I'm building a db for syntactically annotated sentences written in natural language. The database structure is pretty specific so I was wondering if I could use neo4j for that task.
The database consists of many isolated graphs (representing sentences), each graph is a chain of nodes, something like NODE1-[:NEXT]->NODE2-[:NEXT]->NODE3
, each node being some word with properties. The majority of queries to the db are like START x=node:nodes(lemma="buy") MATCH x-[:NEXT]->y-[:NEXT]->z RETURN x,y,z
, so basically the aim is just to extract ngrams. I use a simple index based on word lemmas.
There are 65 million nodes, 270 million properties and 110 million relationships in the db.
I'm using neo4j 2.0.0 M-06.
The problem is that neo4j takes too much time to perform such ngram queries. For example, the query above takes like 140+ seconds. It seems to depend on the number of starting nodes found in the index. If the number is large (~50k), the query lags.

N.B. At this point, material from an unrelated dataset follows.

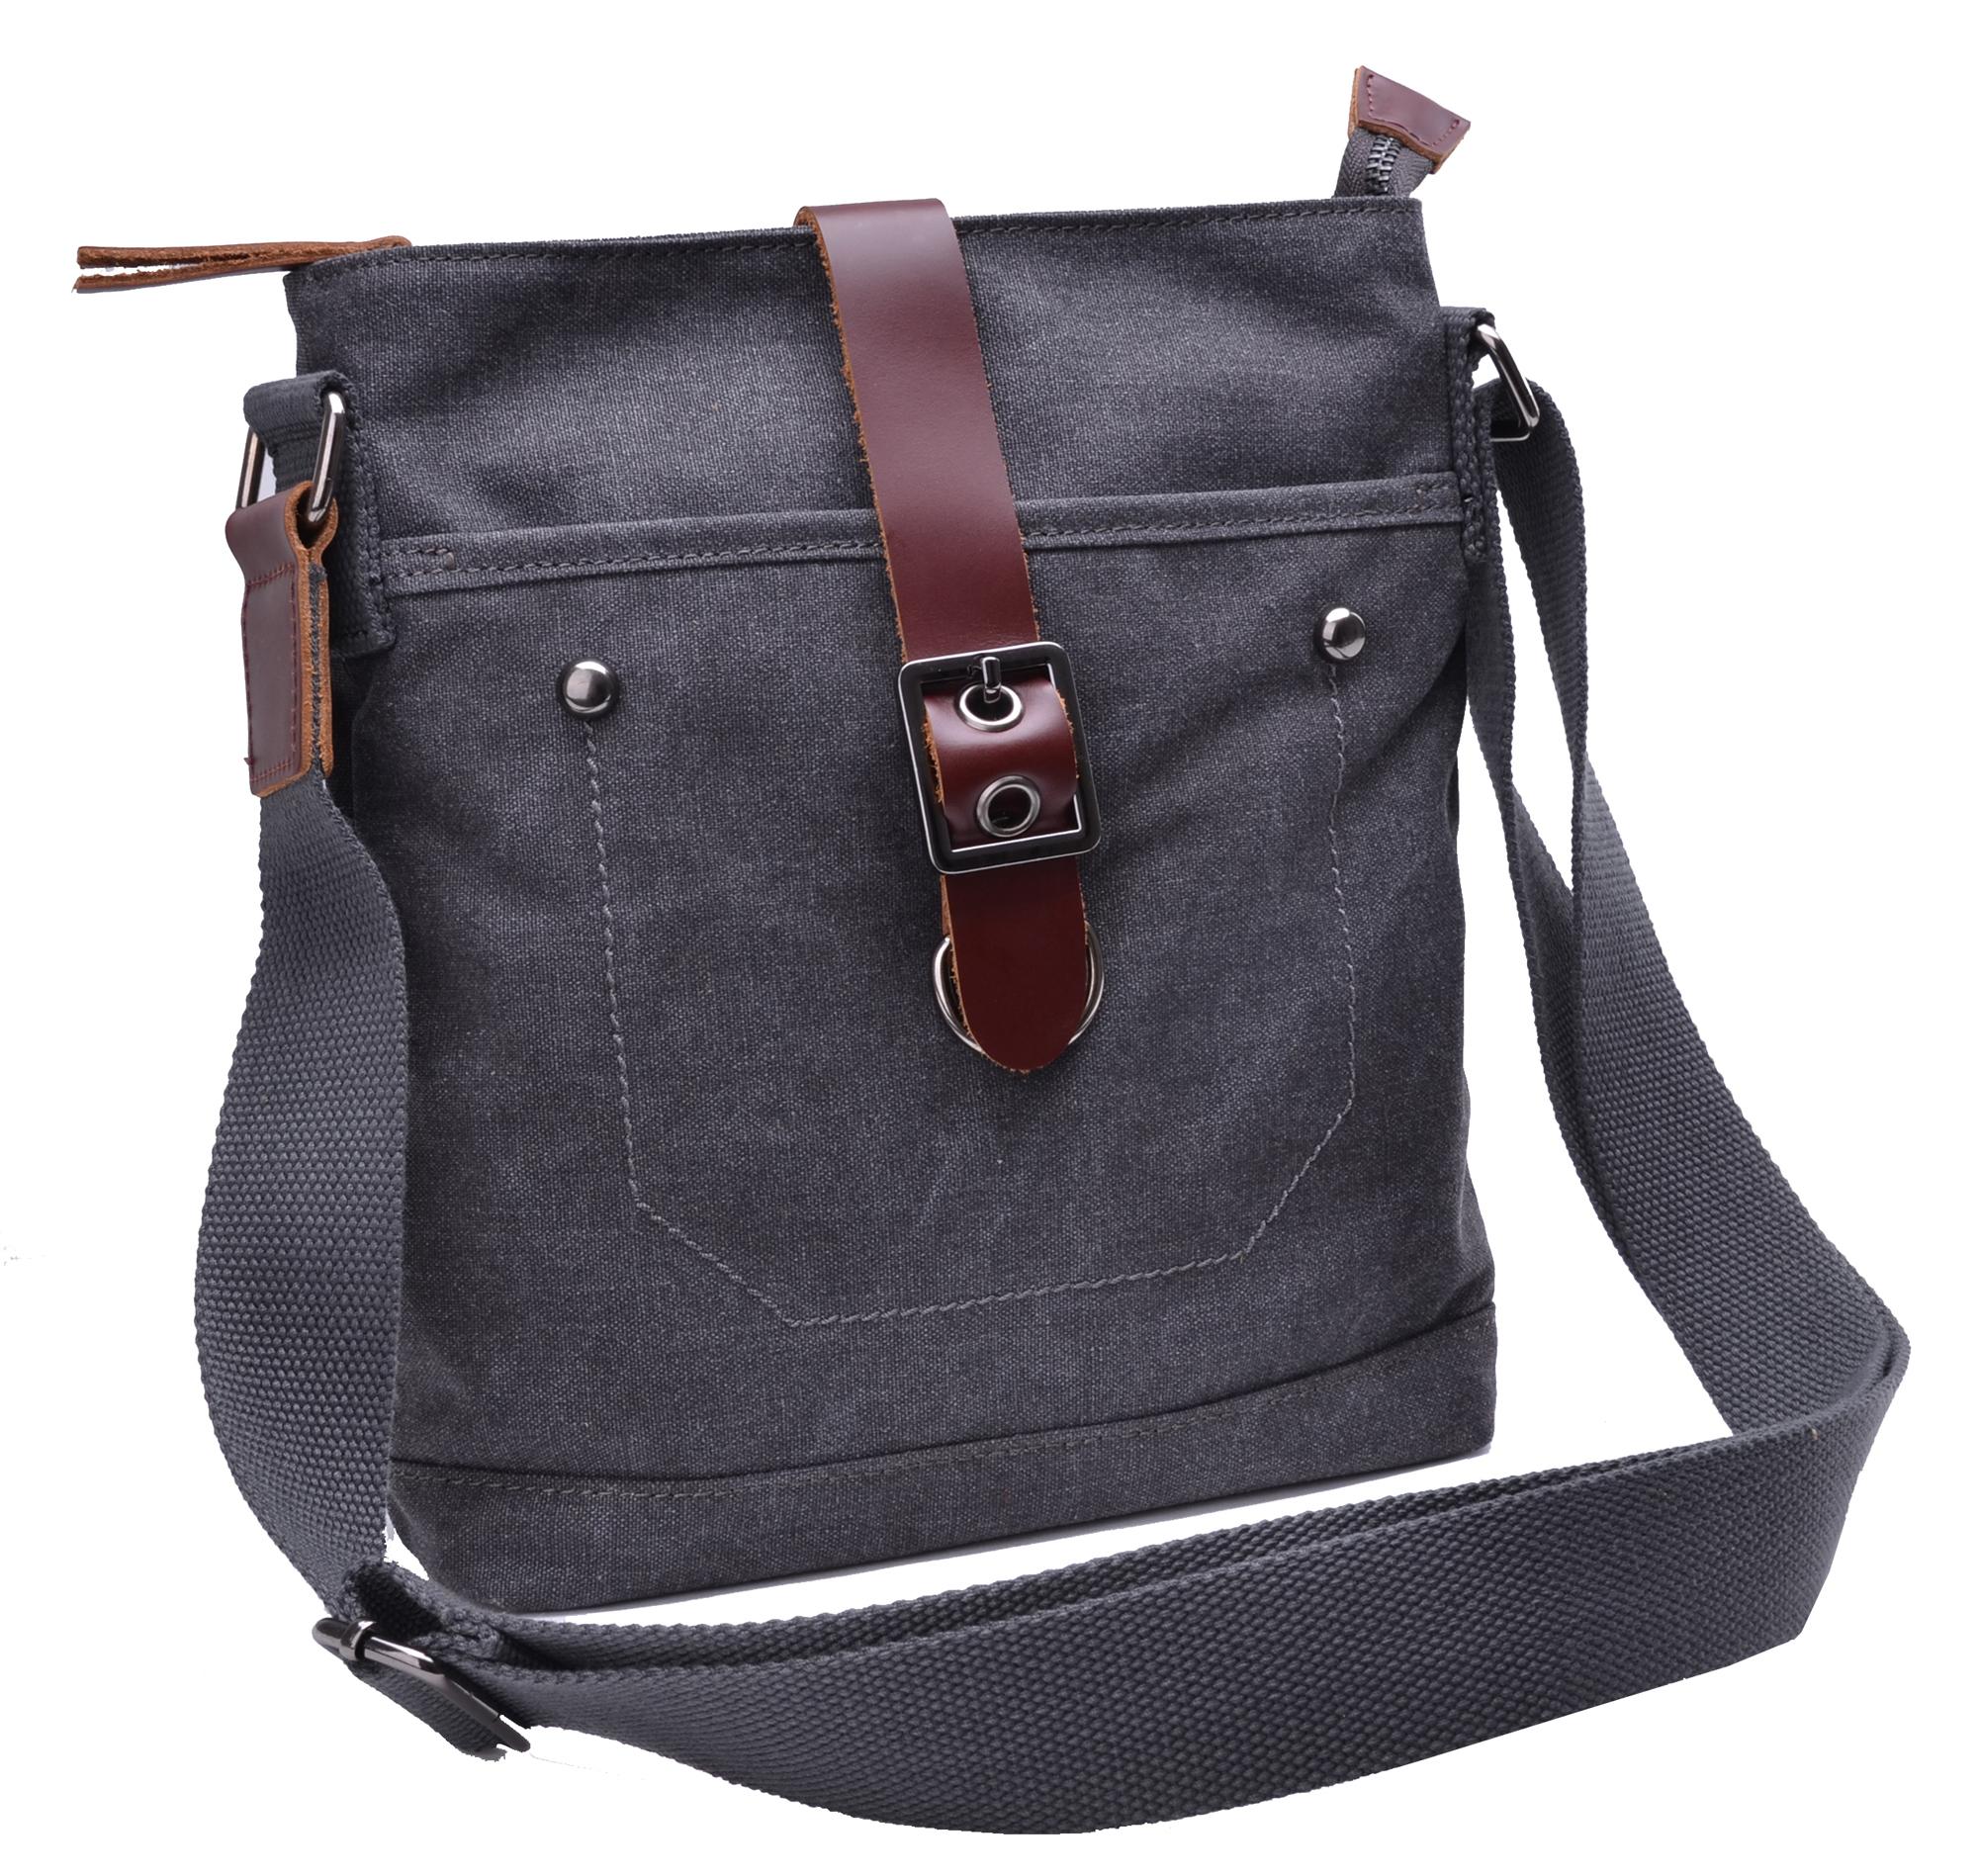 Gootium Canvas Leather Small Cross Body Messenger Bag Shoulder Bag ...

I have tried querying with cypher through webadmin, cypher through java and traversal framework and it looks like there is some problem with retrieving items from index, like it somehow collects the items while I'm iterating through them. In cypher-java when I execute the query it takes like 500ms, but then when I call the iterator, it takes the 140+ seconds mentioned above.
Could anyone tell me if there may be something like that, or anything else that could cause such an issue? Maybe there's an effective way to deal with such many-starting-nodes-but-simple-match-condition queries?
I'd like to stick to Cypher if it's possible, because I find it elegant and expressive and it would be great if the problem were somewhere else :)
START x=node:nodes(lemma="buy") return count(*)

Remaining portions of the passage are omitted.